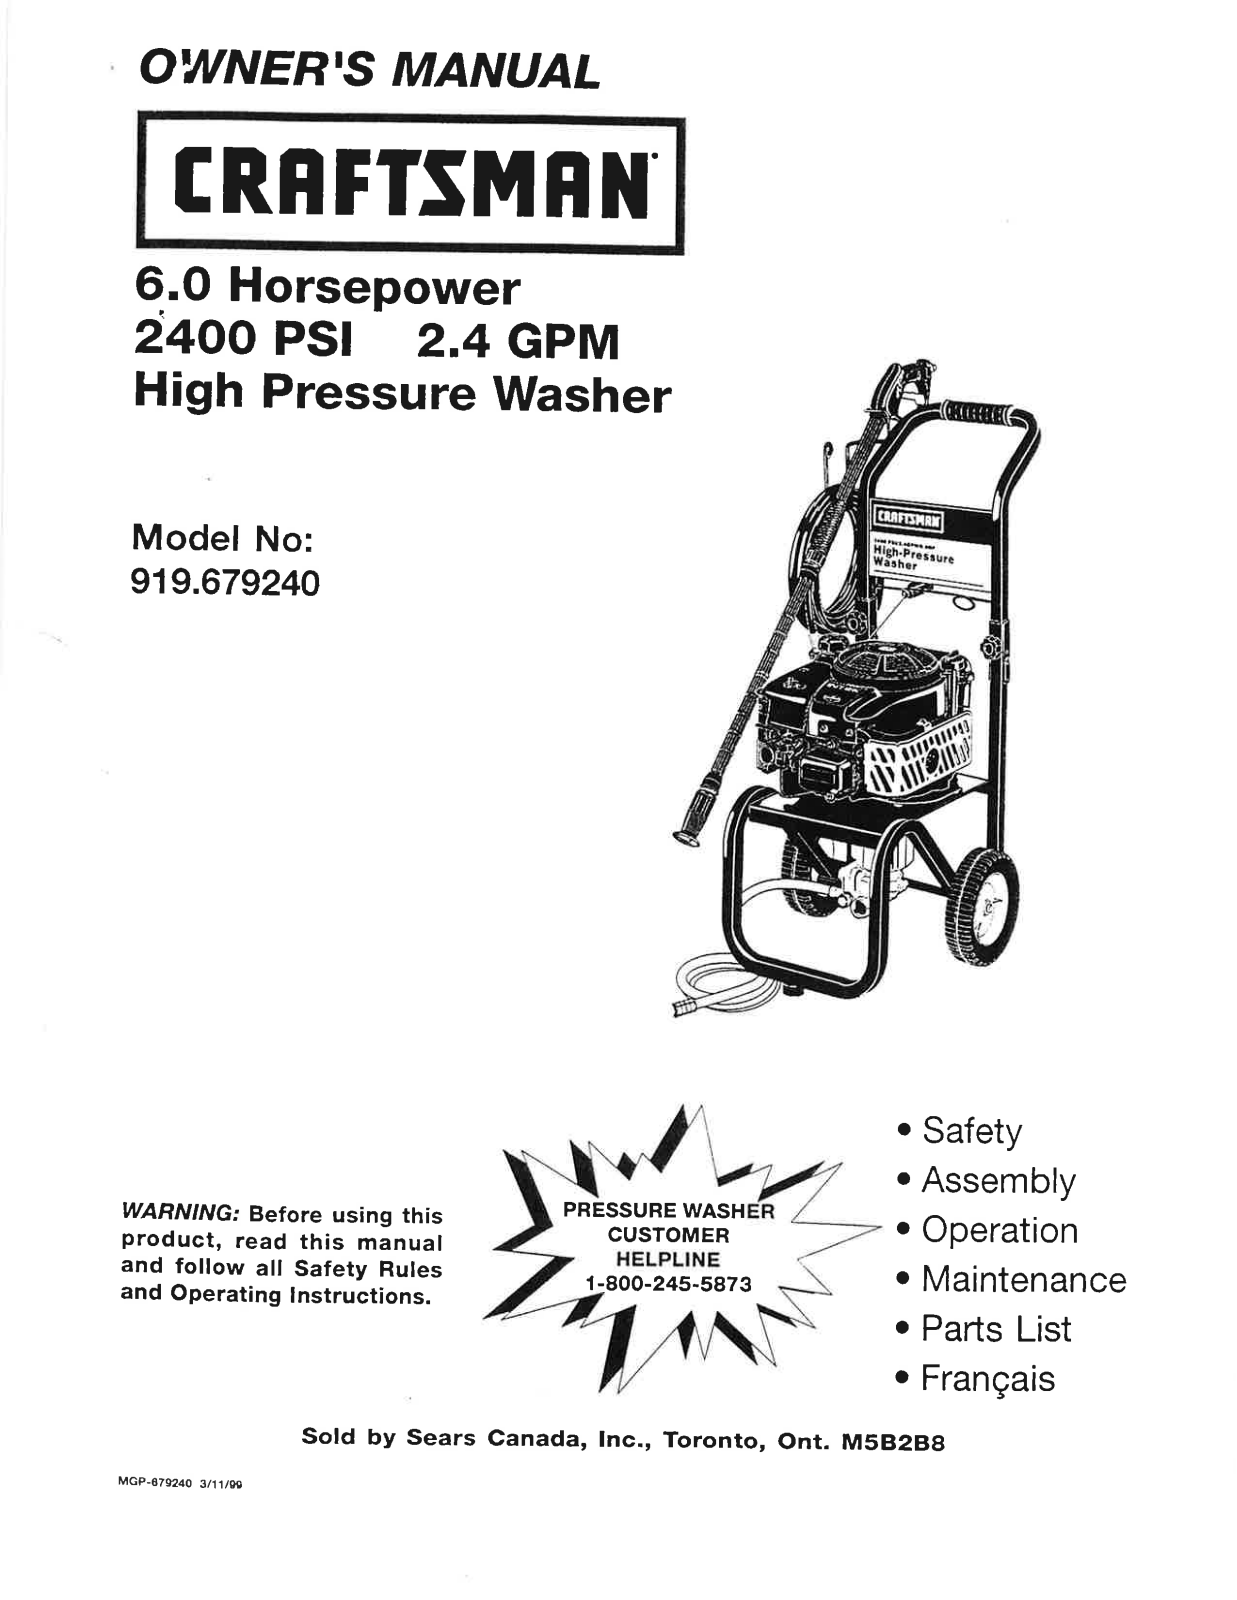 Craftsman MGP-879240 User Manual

* * *

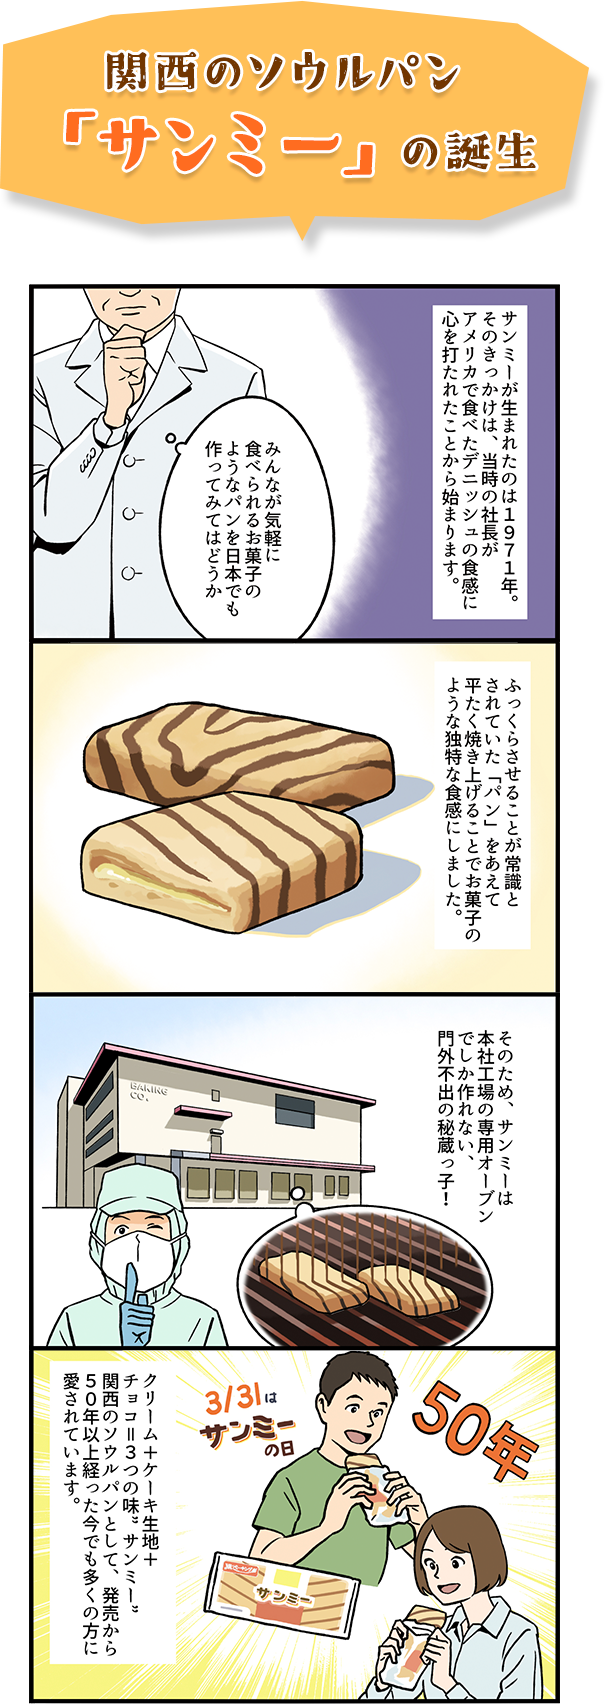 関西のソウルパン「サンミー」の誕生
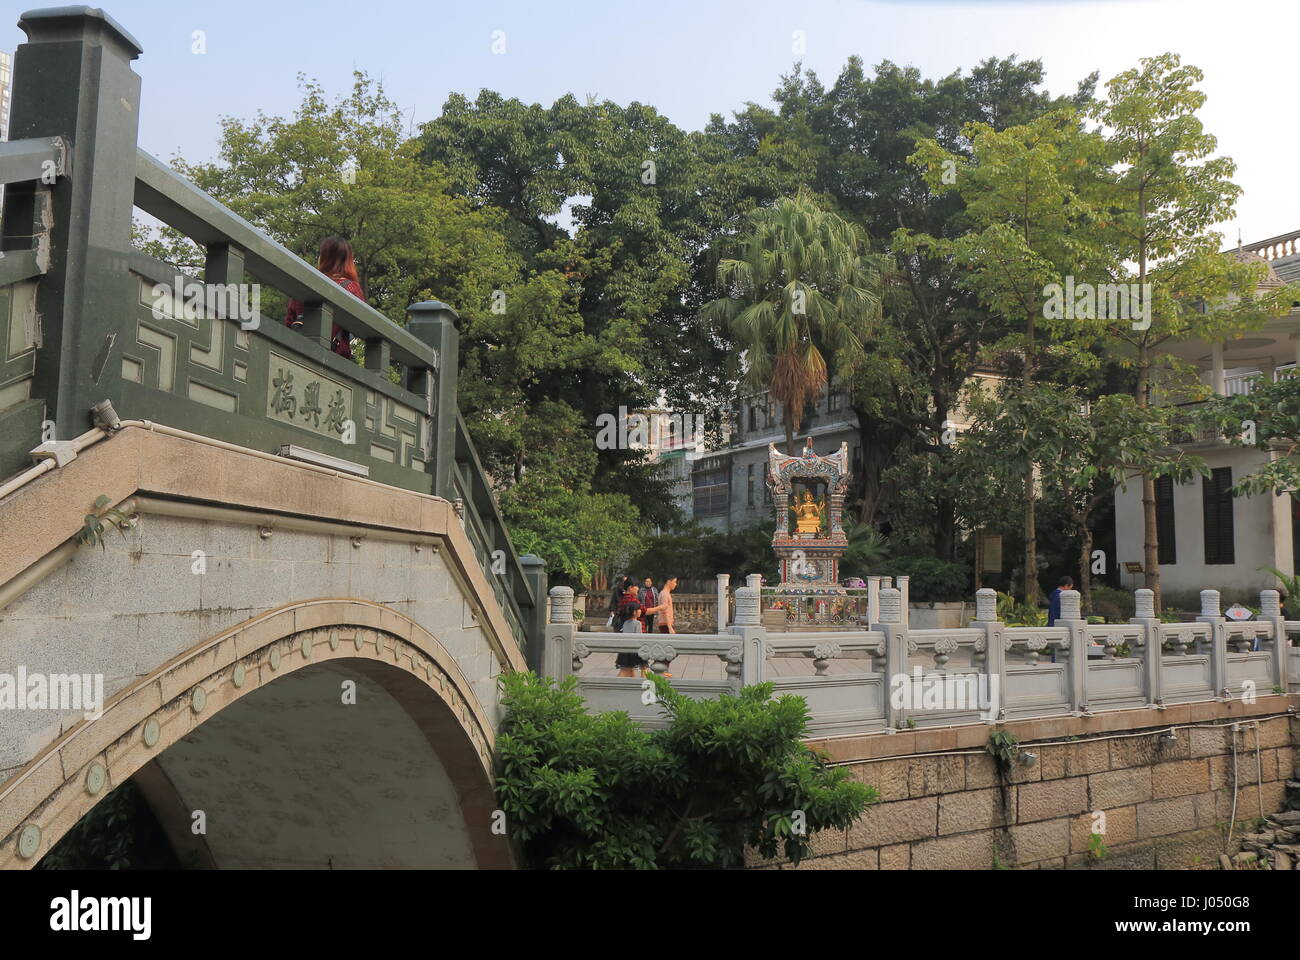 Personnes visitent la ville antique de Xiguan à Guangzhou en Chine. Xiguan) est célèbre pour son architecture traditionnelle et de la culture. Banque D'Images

...

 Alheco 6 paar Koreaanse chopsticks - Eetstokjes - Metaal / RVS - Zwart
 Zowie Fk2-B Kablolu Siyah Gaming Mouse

Required action →
Only the lines from the one containing "Alheco 6 paar" through the one containing "Zowie Fk2-B Kablolu Siyah Gaming Mouse" are to be retyped, both boundary lines included, with no other material.

Output of the exercise →
 Alheco 6 paar Koreaanse chopsticks - Eetstokjes - Metaal / RVS - Zwart
 Zowie Fk2-B Kablolu Siyah Gaming Mouse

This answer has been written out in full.